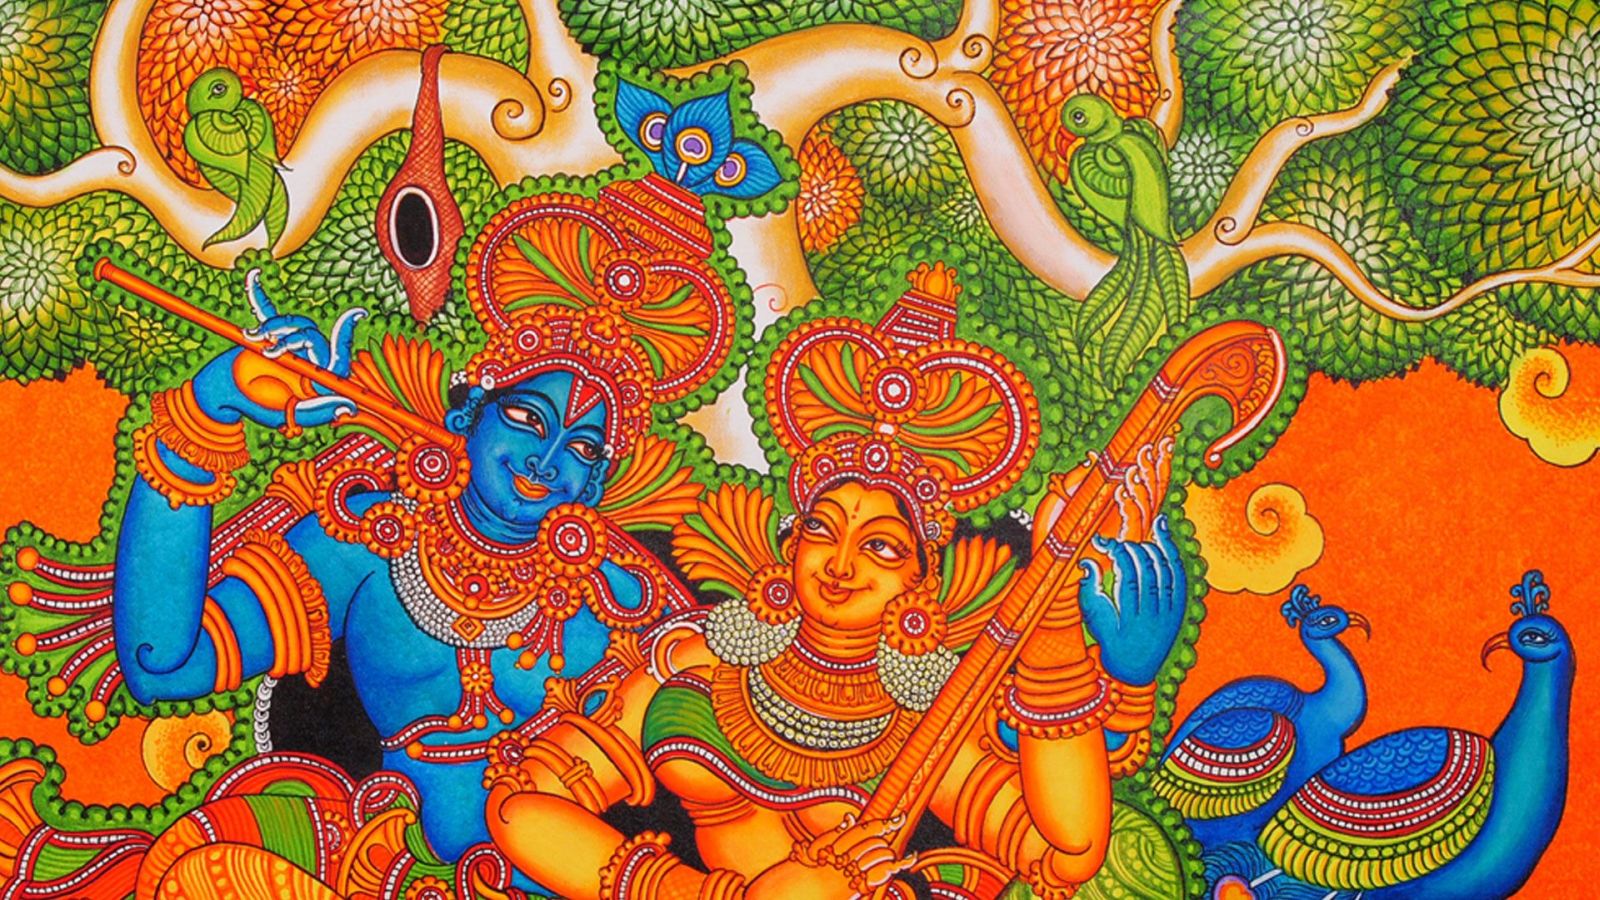 beautiful kerala mural painting by vr krishnan
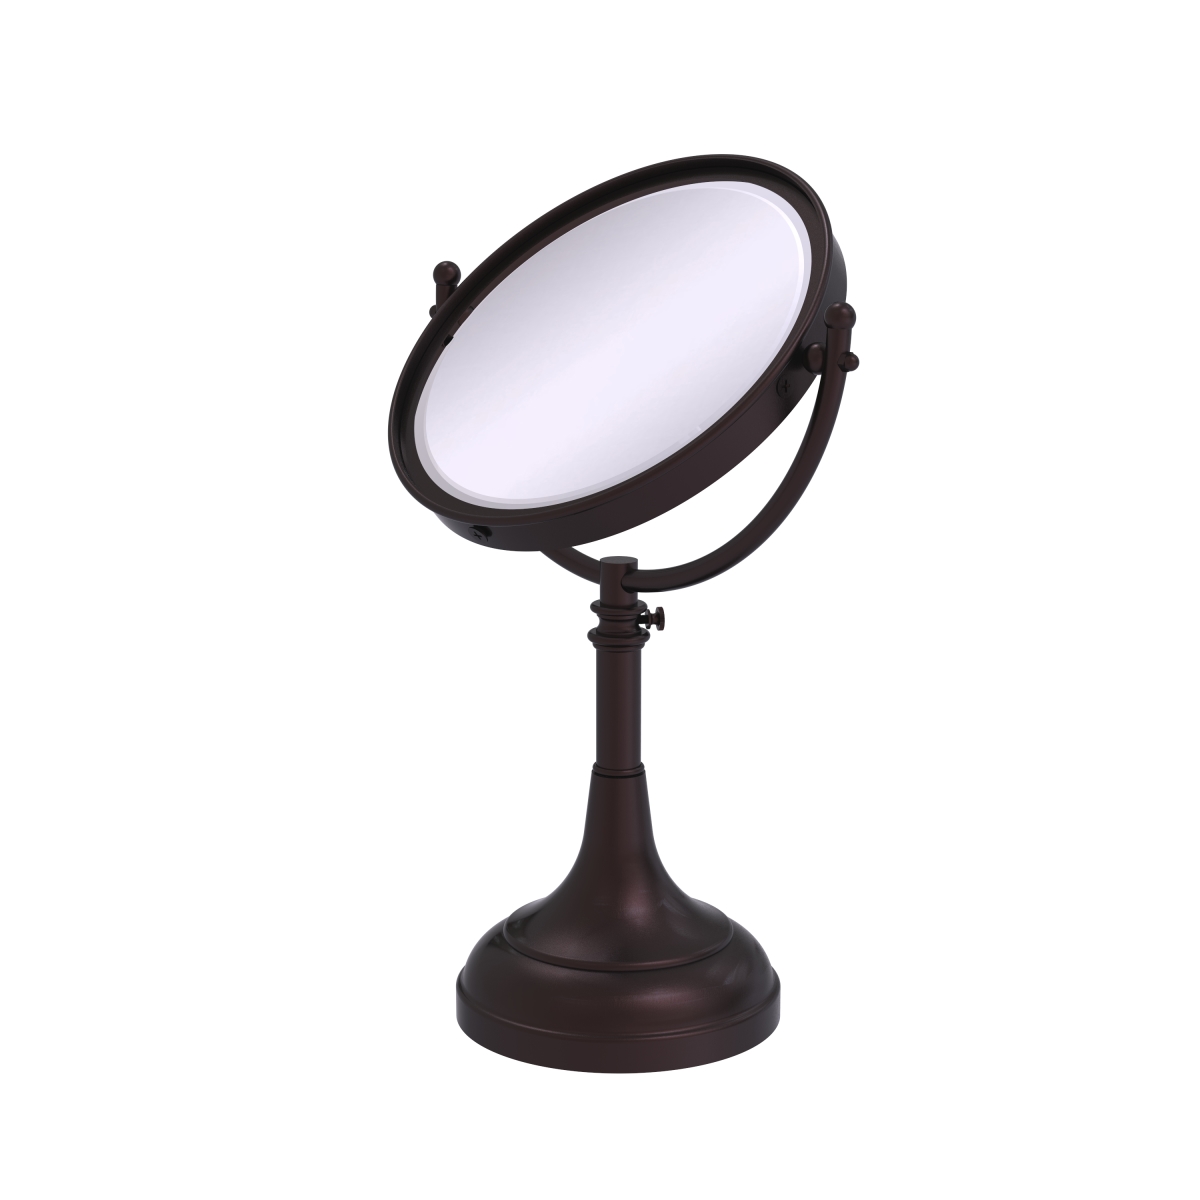 Dm-1-4x-abz Height Adjustable 8 In. Vanity Top Make-up Mirror 4x Magnification, Antique Bronze
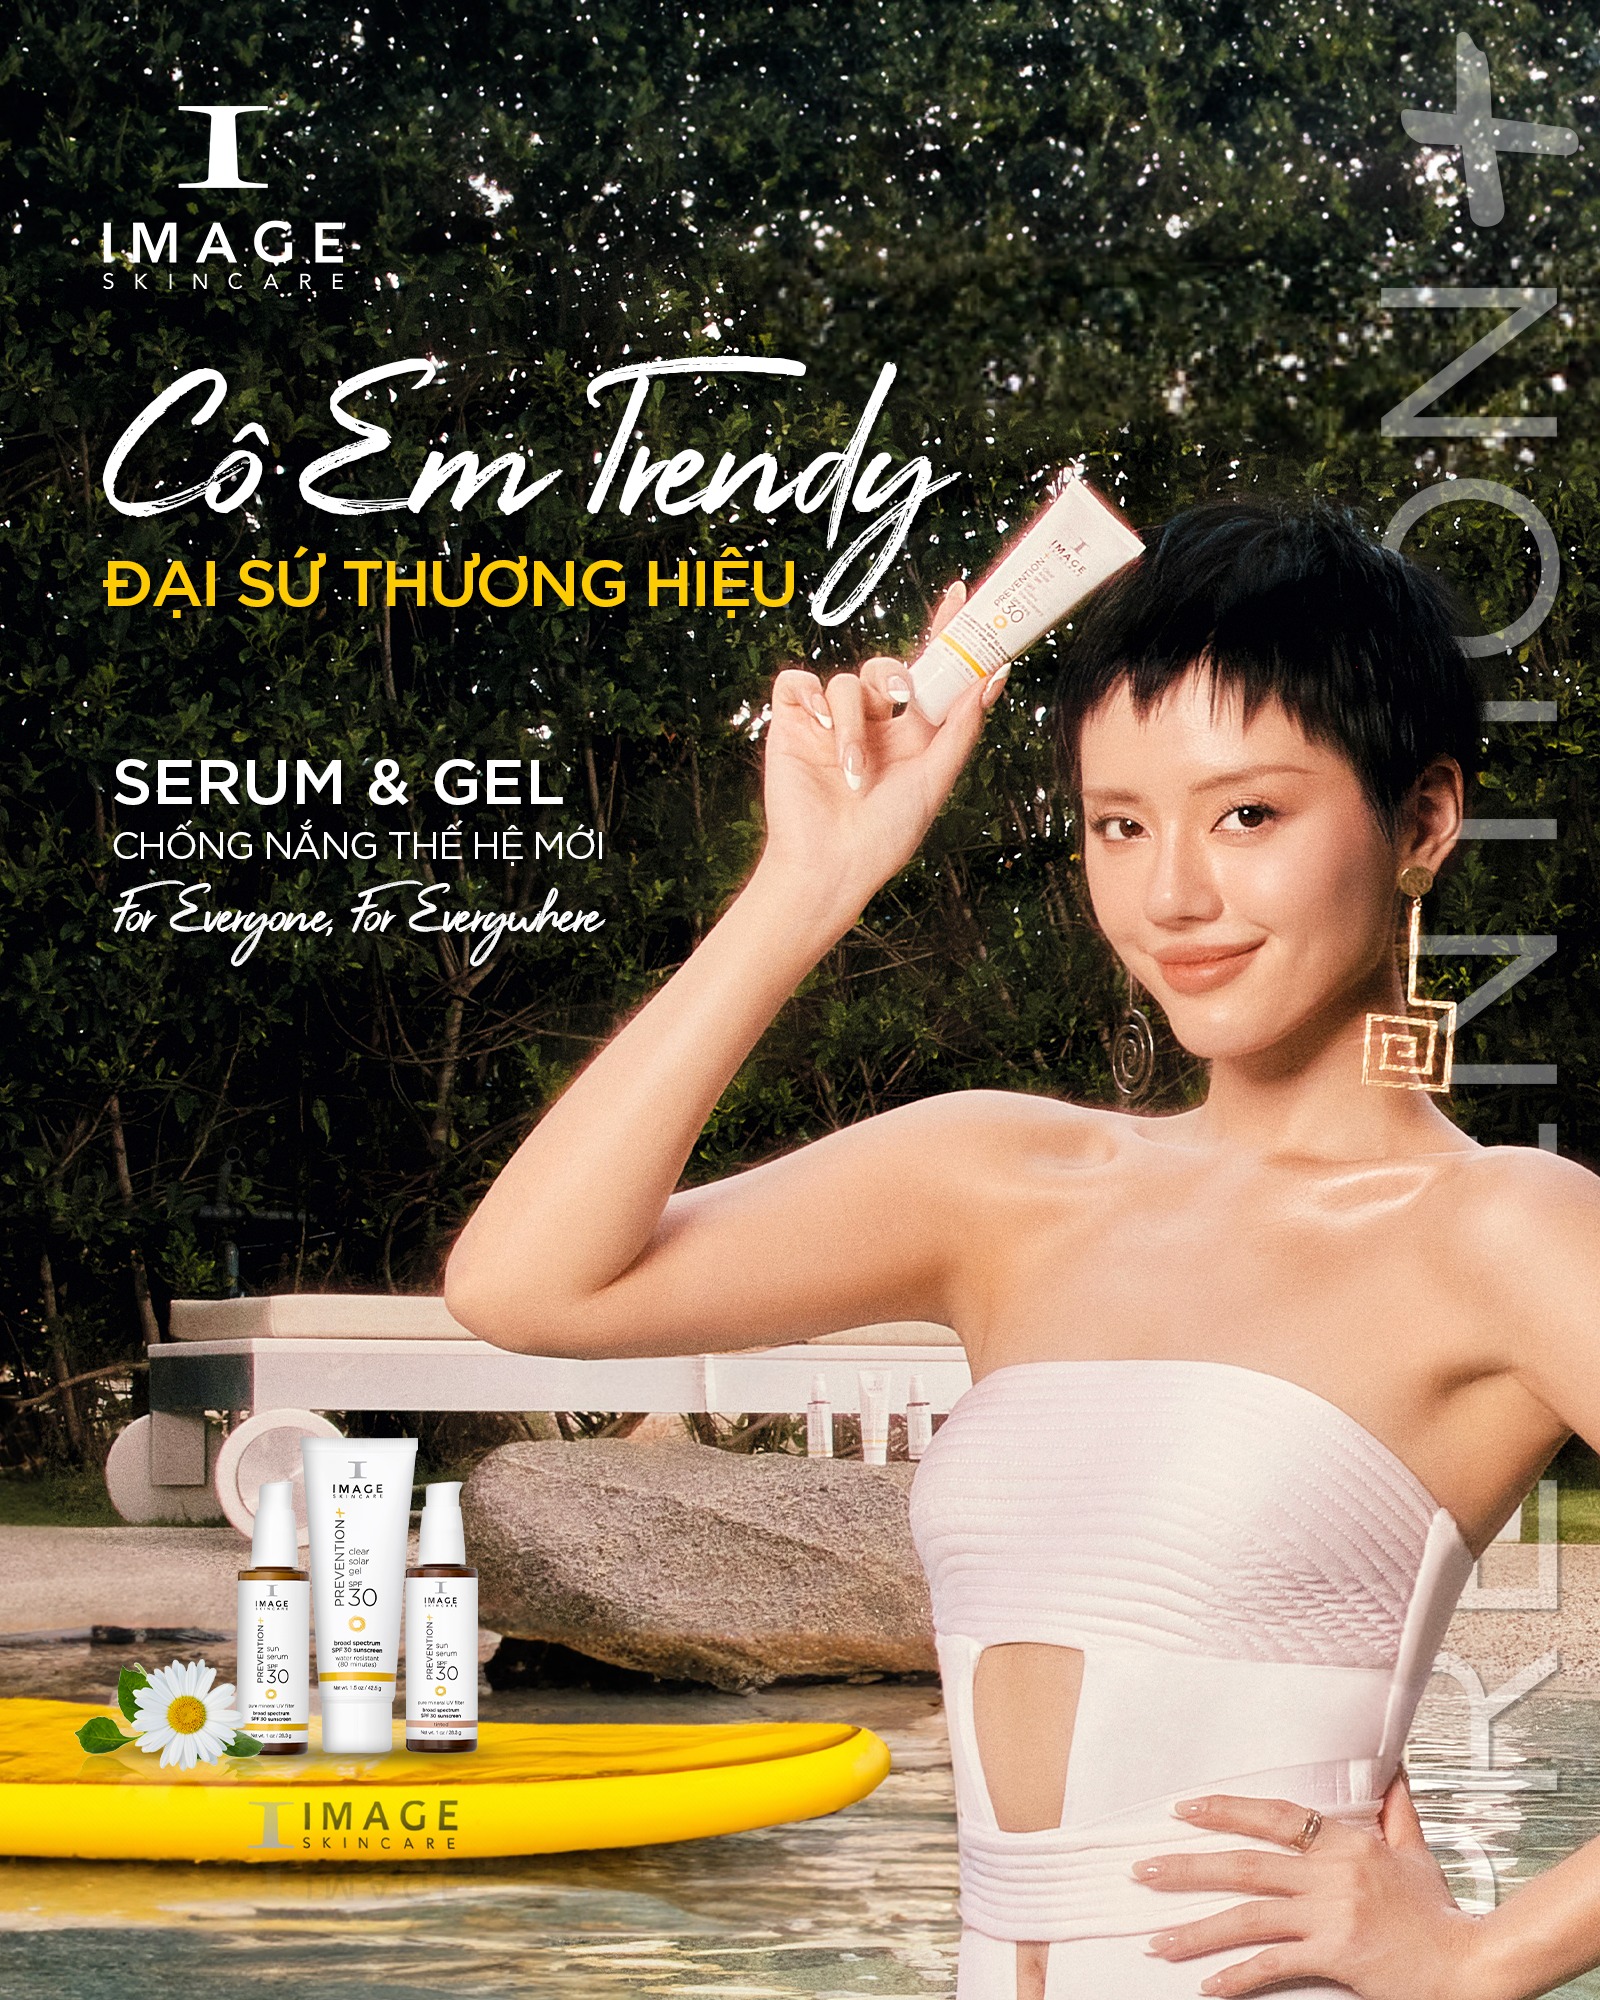 Fashionista Cô Em Trendy (Khánh Linh) - Đại sứ thương hiệu cho dòng PREVENTION+

## Task requirements
Leave out the pictures, then return every line of the data exactly.

## Response area
 beautiful kerala mural painting by vr krishnan
 Dm-1-4x-abz Height Adjustable 8 In. Vanity Top Make-up Mirror 4x Magnification, Antique Bronze
 Fashionista Cô Em Trendy (Khánh Linh) - Đại sứ thương hiệu cho dòng PREVENTION+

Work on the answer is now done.